SOUTH CAROLINA
The New York Times
By RICHARD PÉREZ-PEÑA
DEC. 11, 2014
For decades, Bob Jones University told sexual assault survivors that they were to blame for the abuse, and not to report it because doing so would damage their families, their church and the university, according to a long-awaited investigative report released Thursday.
The attitude of Bob Jones, an evangelical Christian university in Greenville, South Carolina, toward abuse victims was “blaming and disparaging,” according to 56 percent of the hundreds of current and former students and employees who replied to a confidential survey as part of the inquiry. Written comments in the survey, and interviews that investigators conducted with some respondents, detail startling, often hurtful treatment of survivors, rather than the support they sought.
“I was abused from the ages of 6 to 14 by my grandfather,” one respondent said. “When I went for counseling I was told: `Did you repent for your part of the abuse? Did your body respond favorably?’ ” The person reported being told that going to the police “tore your family apart, and that’s your fault,” and that “you love yourself more than you love God.”

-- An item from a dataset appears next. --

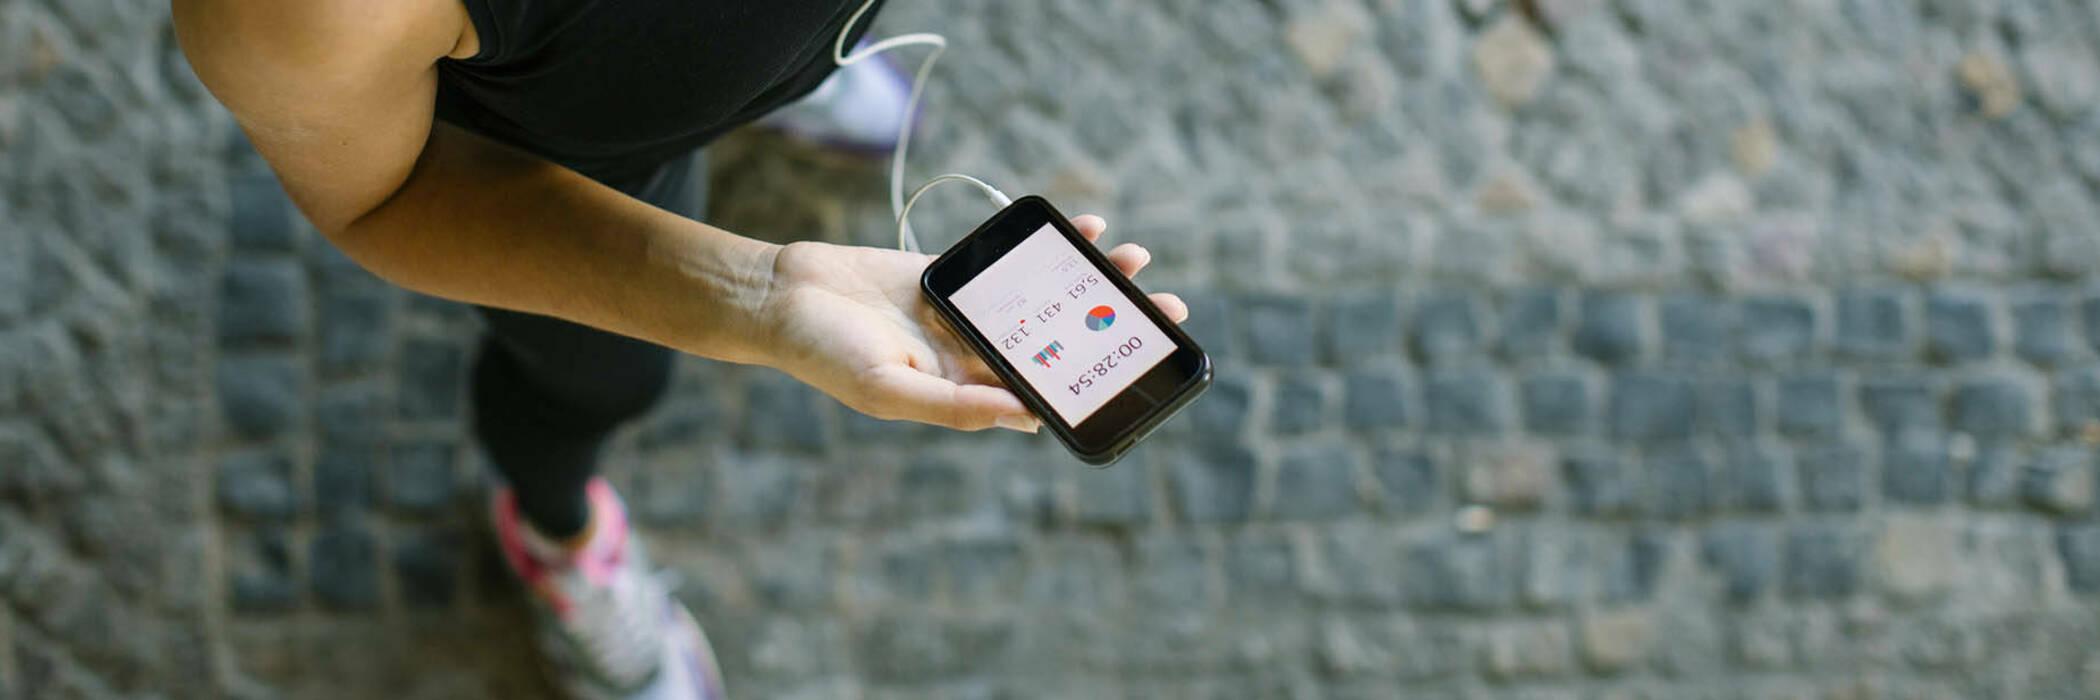 Woman using fitness app on phone.

Another person said the university taught that “abuse victims are considered `second-rate Christians.’ ” Yet another said, “Victims heard, consistently, from chapel speakers and faculty/staff that abusers should be forgiven, that they bore the sin of bitterness and that they should not report abusers.”
About half the abuse survivors said the university had actively discouraged them from reporting the assaults to the police.